__Task goal__. Your job with the data below: print everything from the line that holds "This old map" down to the line that holds "Elf Hat tracing", ends included, exactly, and nothing else.

__Task data__.
---
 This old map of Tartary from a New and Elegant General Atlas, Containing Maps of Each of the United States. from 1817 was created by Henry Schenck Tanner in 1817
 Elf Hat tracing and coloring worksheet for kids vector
---
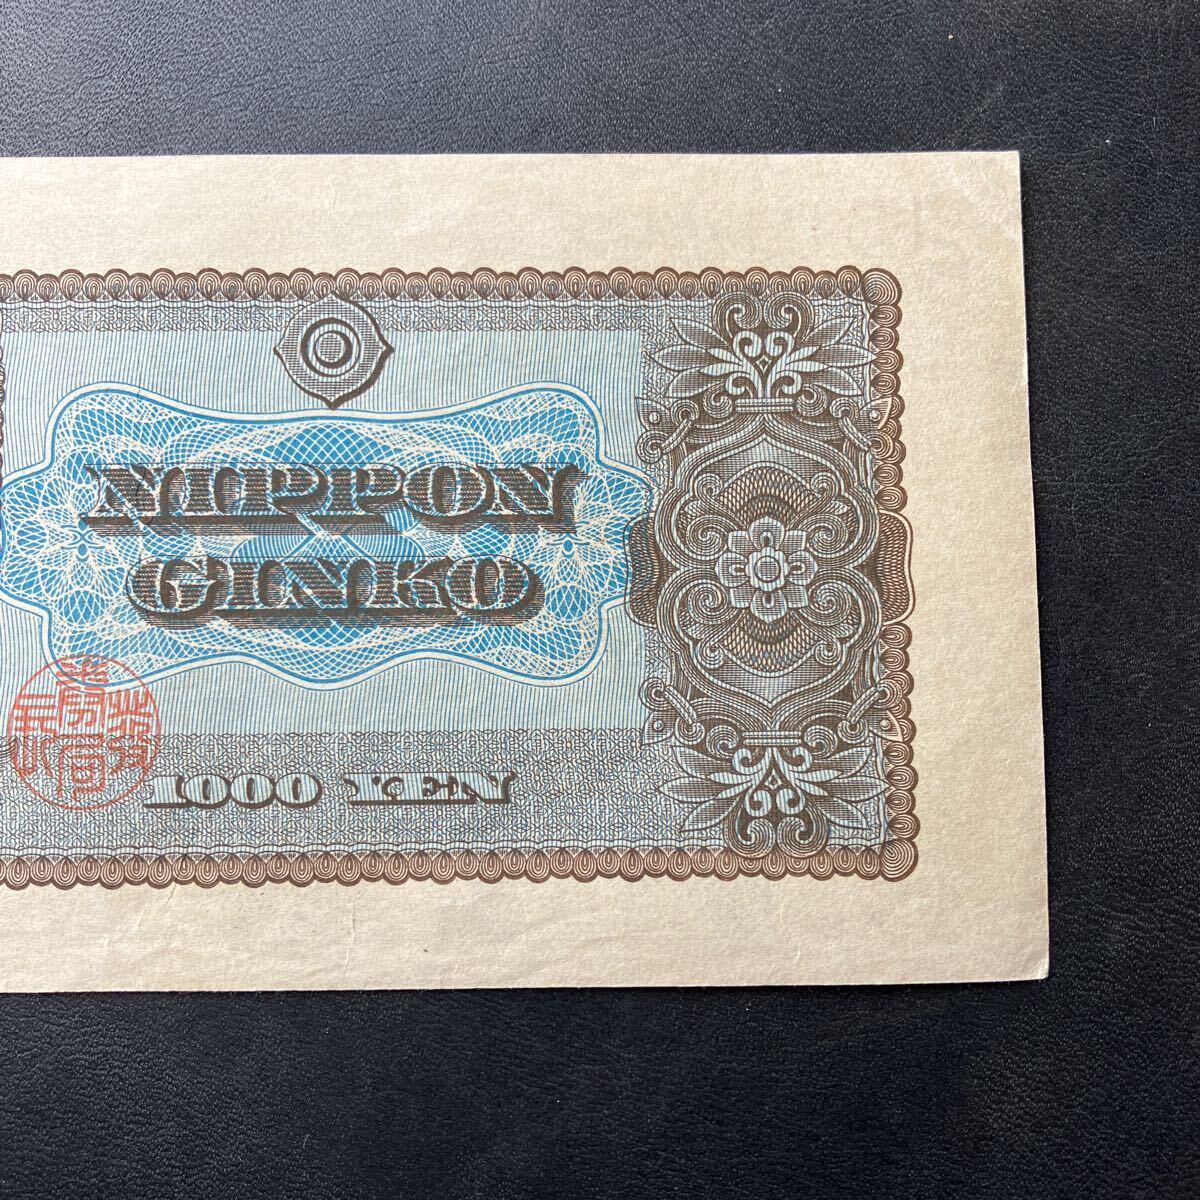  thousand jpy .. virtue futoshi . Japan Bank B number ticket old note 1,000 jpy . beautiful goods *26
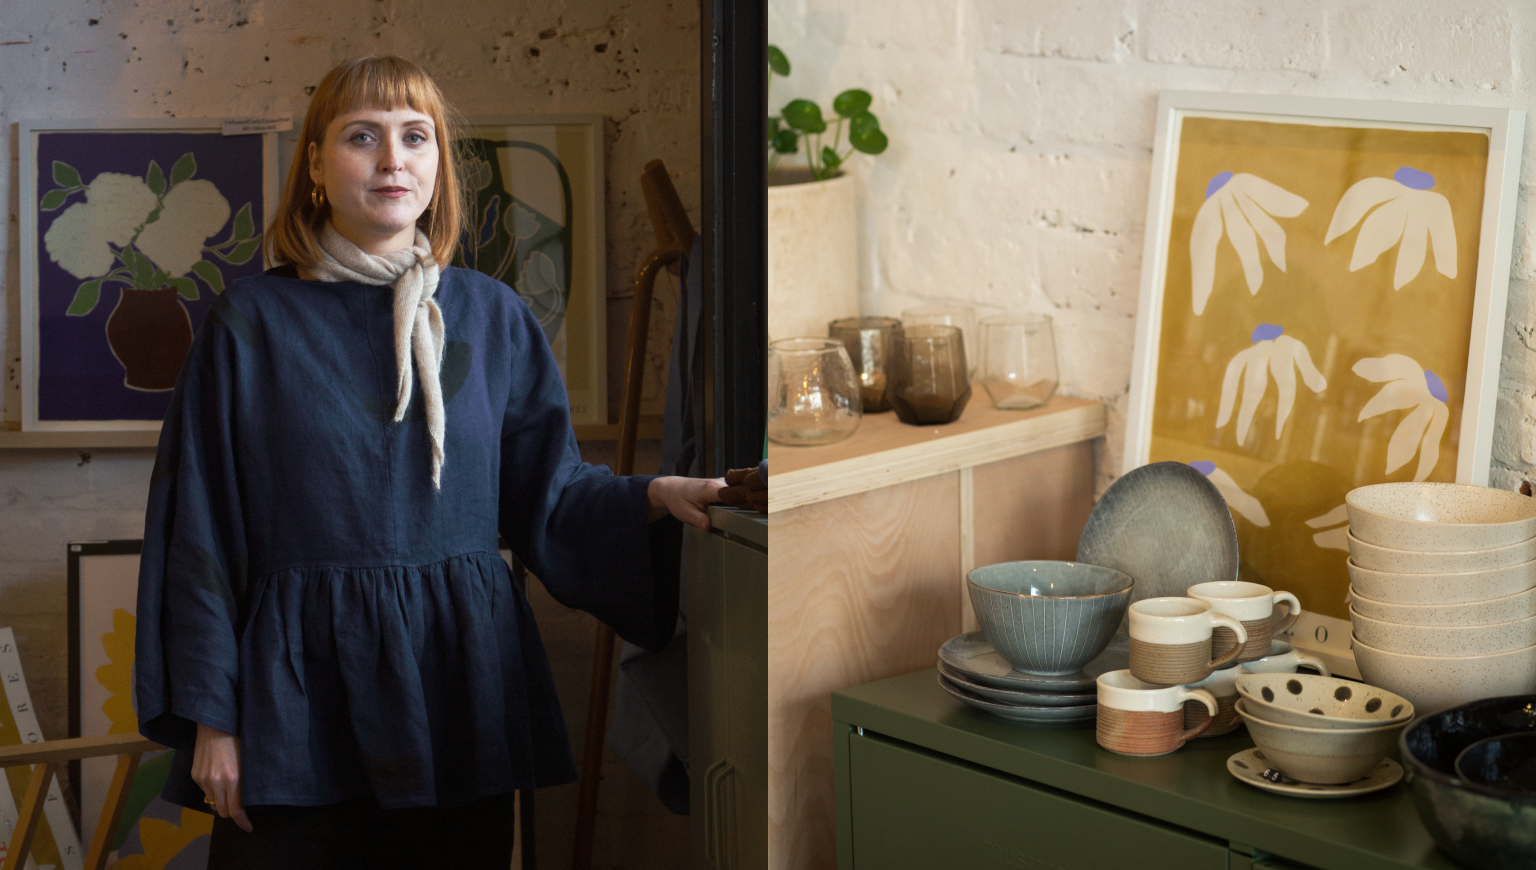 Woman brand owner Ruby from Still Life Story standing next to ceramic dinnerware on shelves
---
__Solution below__.
 This old map of Tartary from a New and Elegant General Atlas, Containing Maps of Each of the United States. from 1817 was created by Henry Schenck Tanner in 1817
 Elf Hat tracing and coloring worksheet for kids vector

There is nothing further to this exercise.